§ **What to produce**
Transcribe the data exactly, pictures excluded.

§ **Raw data**
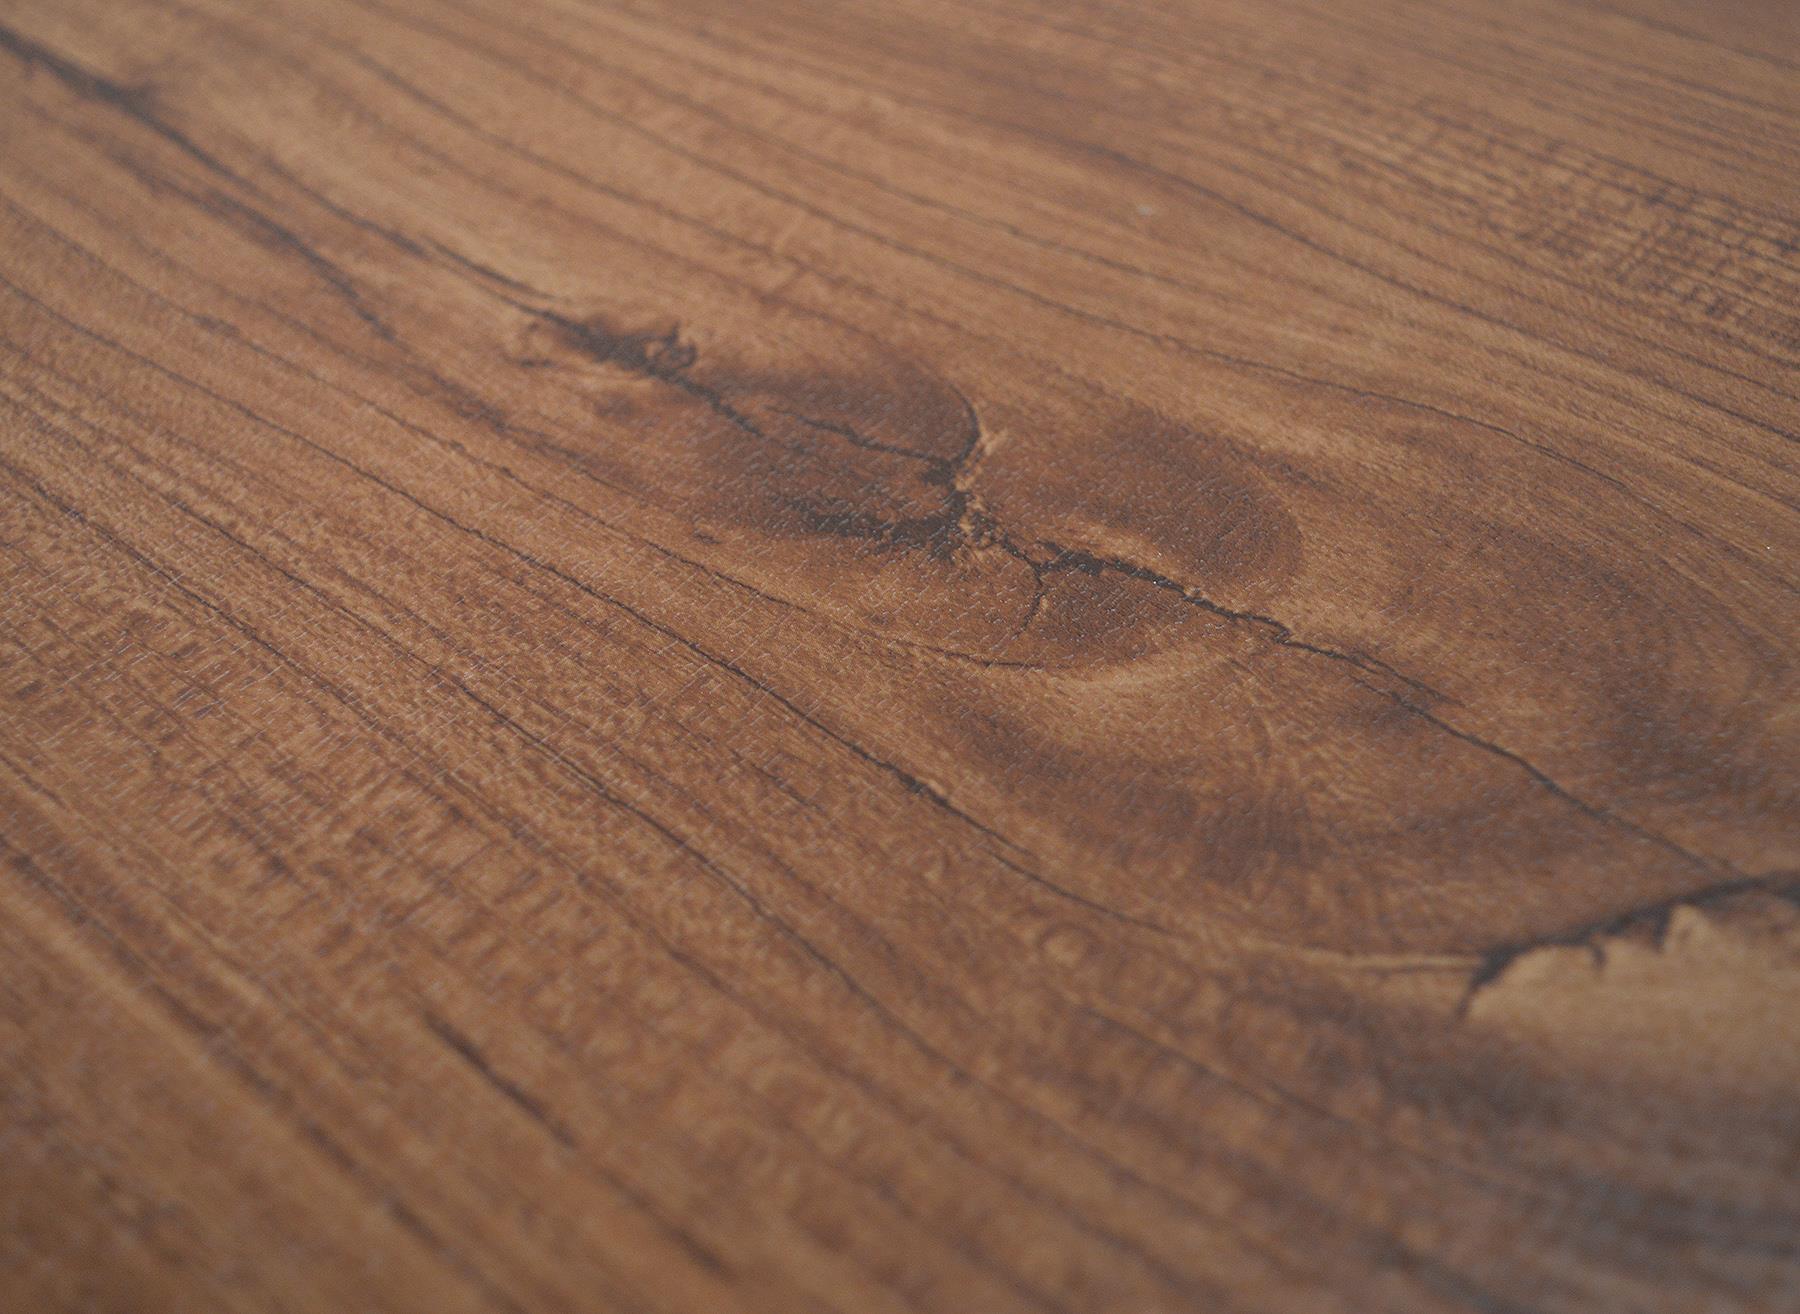 Floor-Tiles-Self-Adhesive-Vinyl-Flooring-Kitchen-Bathroom-Brown-Wood-Grain thumbnail 13
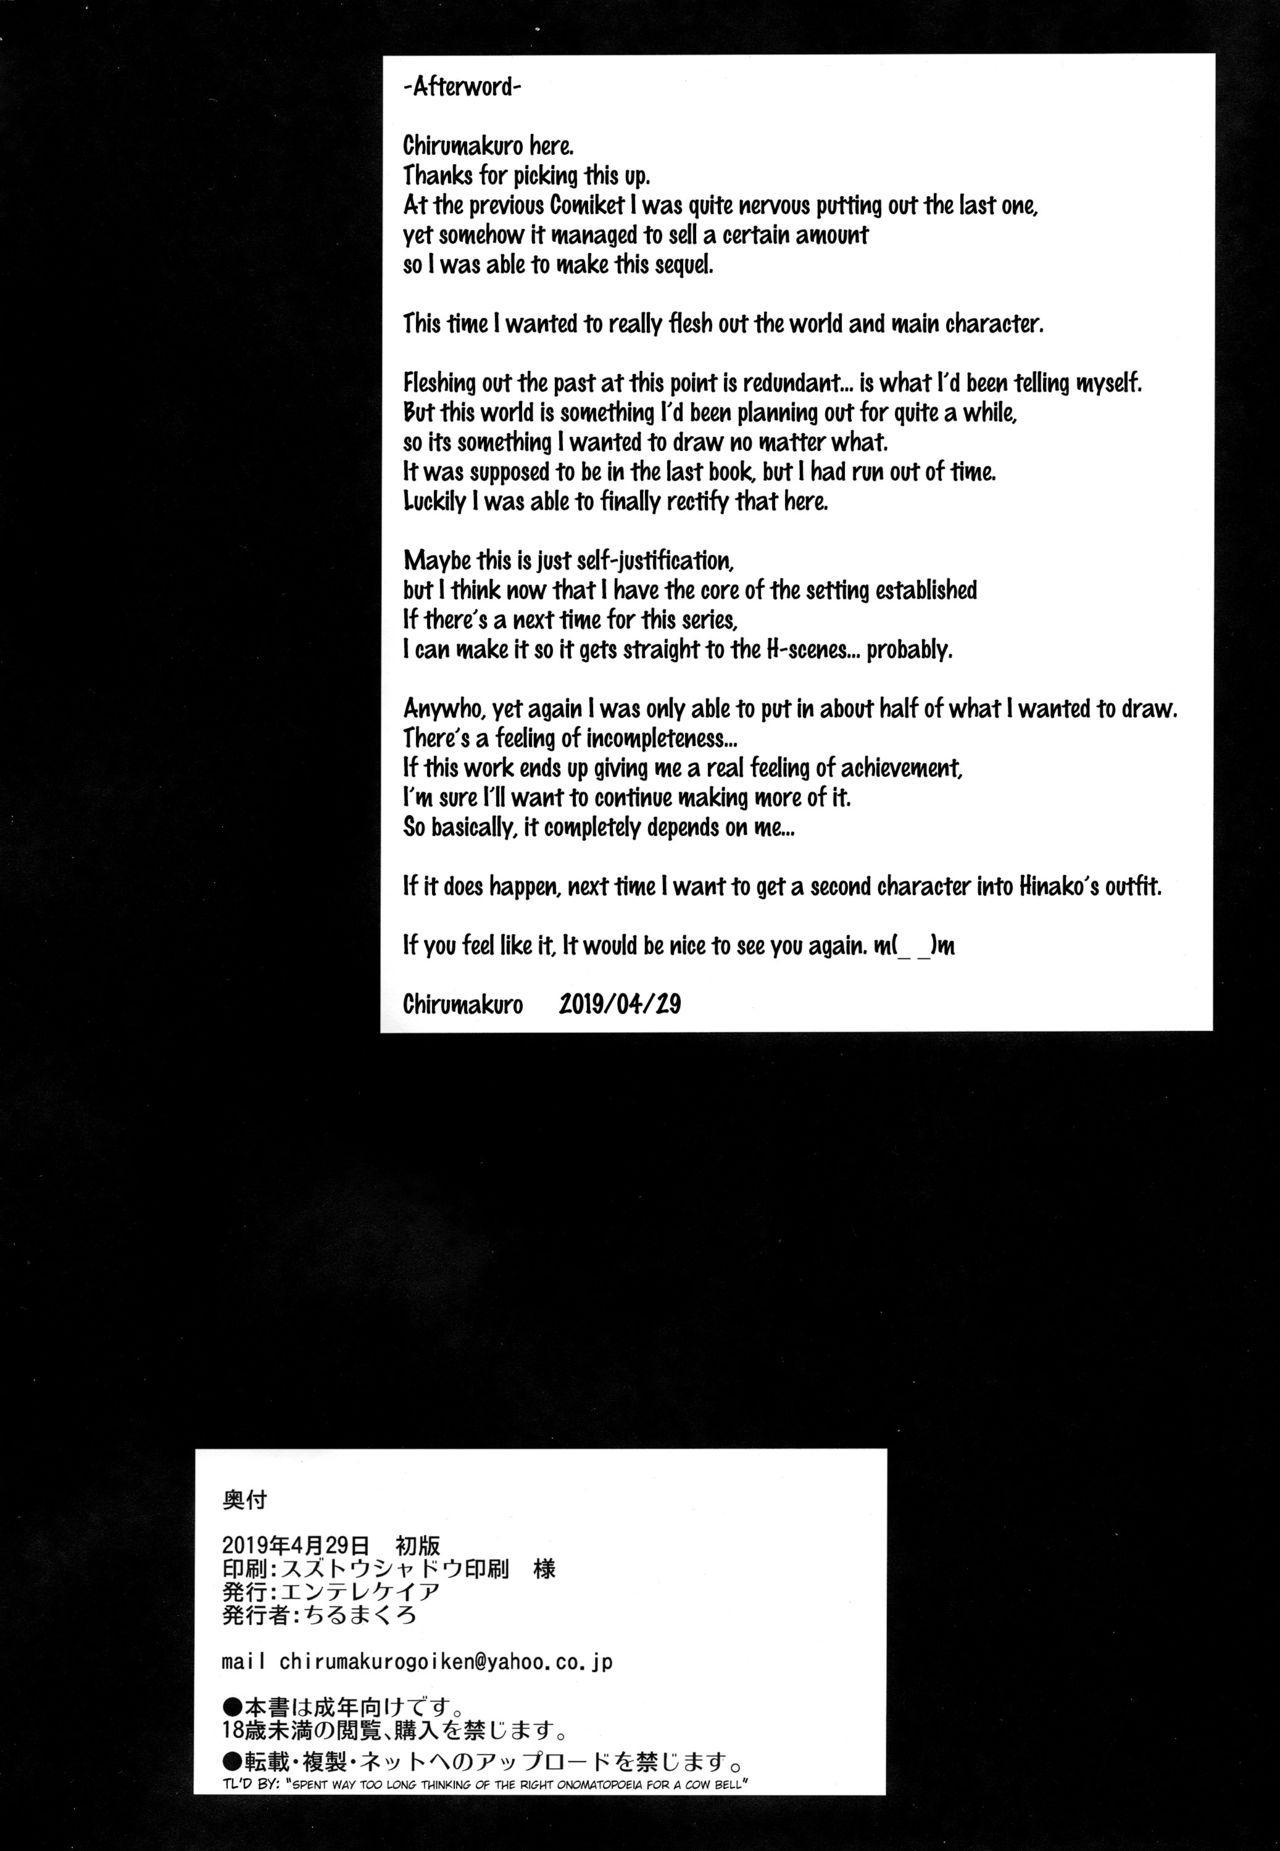 (COMIC1☆15) [Entelekheia (Chirumakuro)] Hinako Ikusei Nisshi 2 ~Hinako no Kako to Genzai~   Hinako Rearing Log 2 - Hinako's Past and Present [English] 31
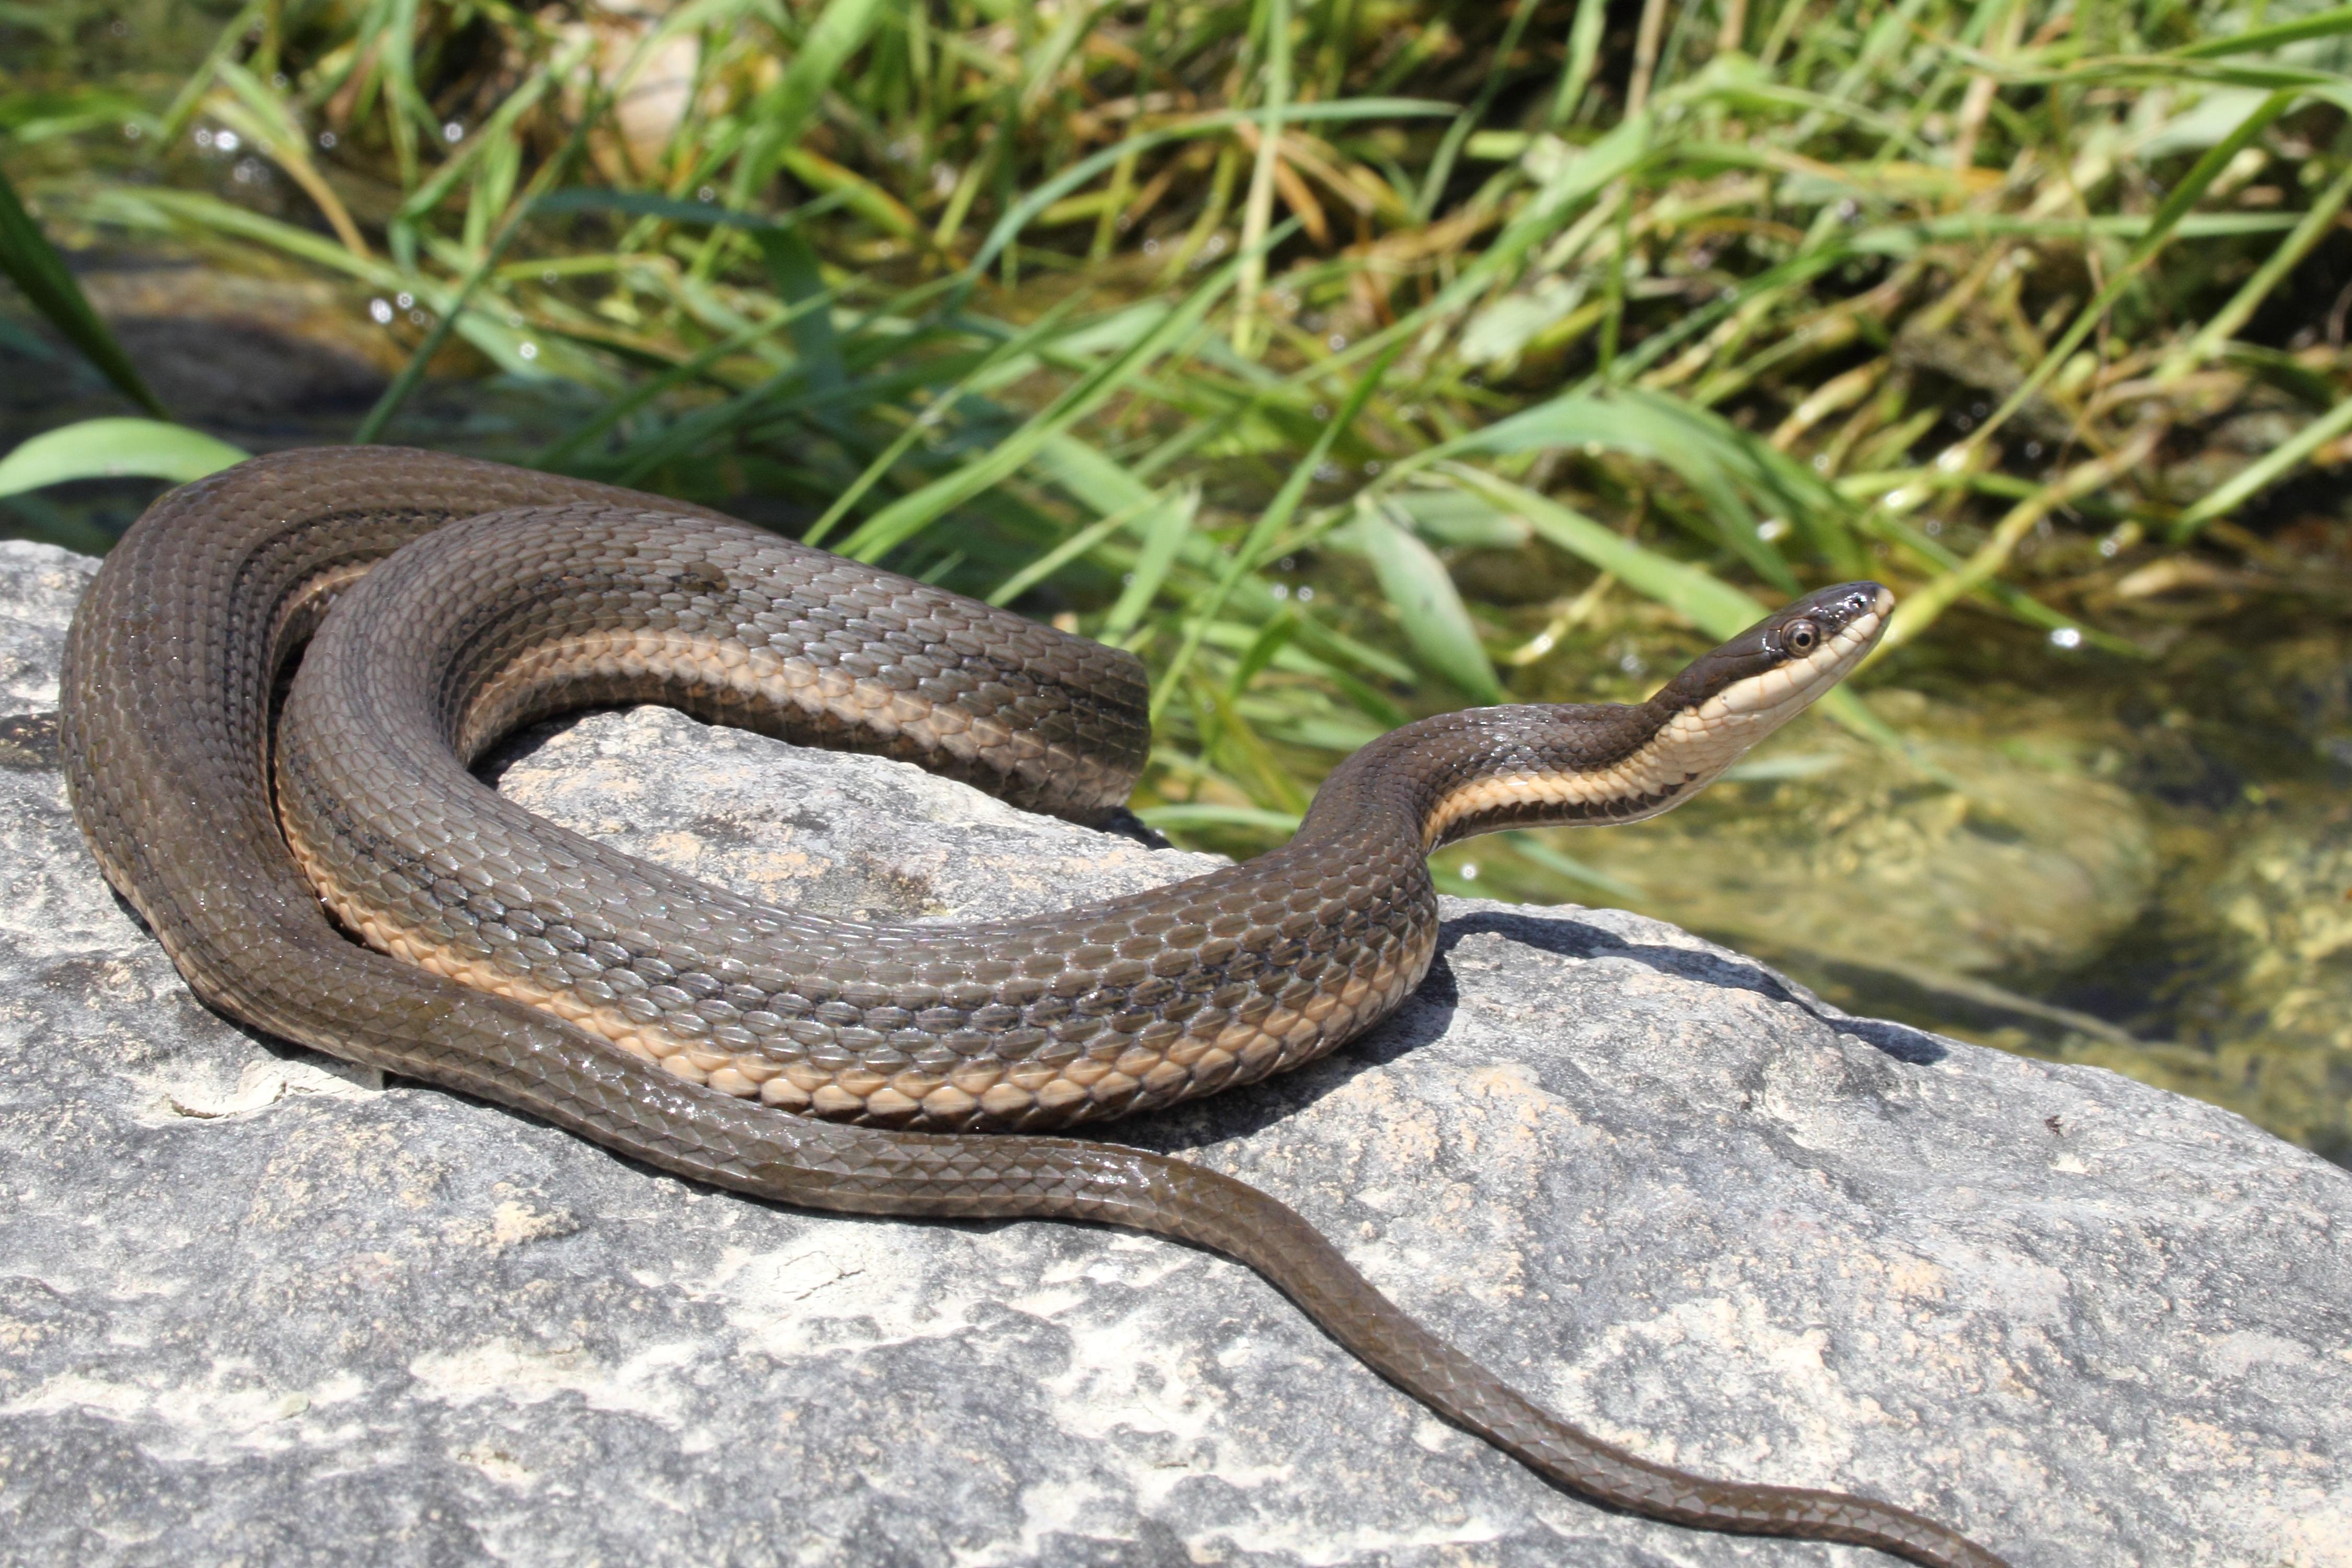 queen snake

§ **Answer to the problem**
 Floor-Tiles-Self-Adhesive-Vinyl-Flooring-Kitchen-Bathroom-Brown-Wood-Grain thumbnail 13
 (COMIC1☆15) [Entelekheia (Chirumakuro)] Hinako Ikusei Nisshi 2 ~Hinako no Kako to Genzai~   Hinako Rearing Log 2 - Hinako's Past and Present [English] 31
 queen snake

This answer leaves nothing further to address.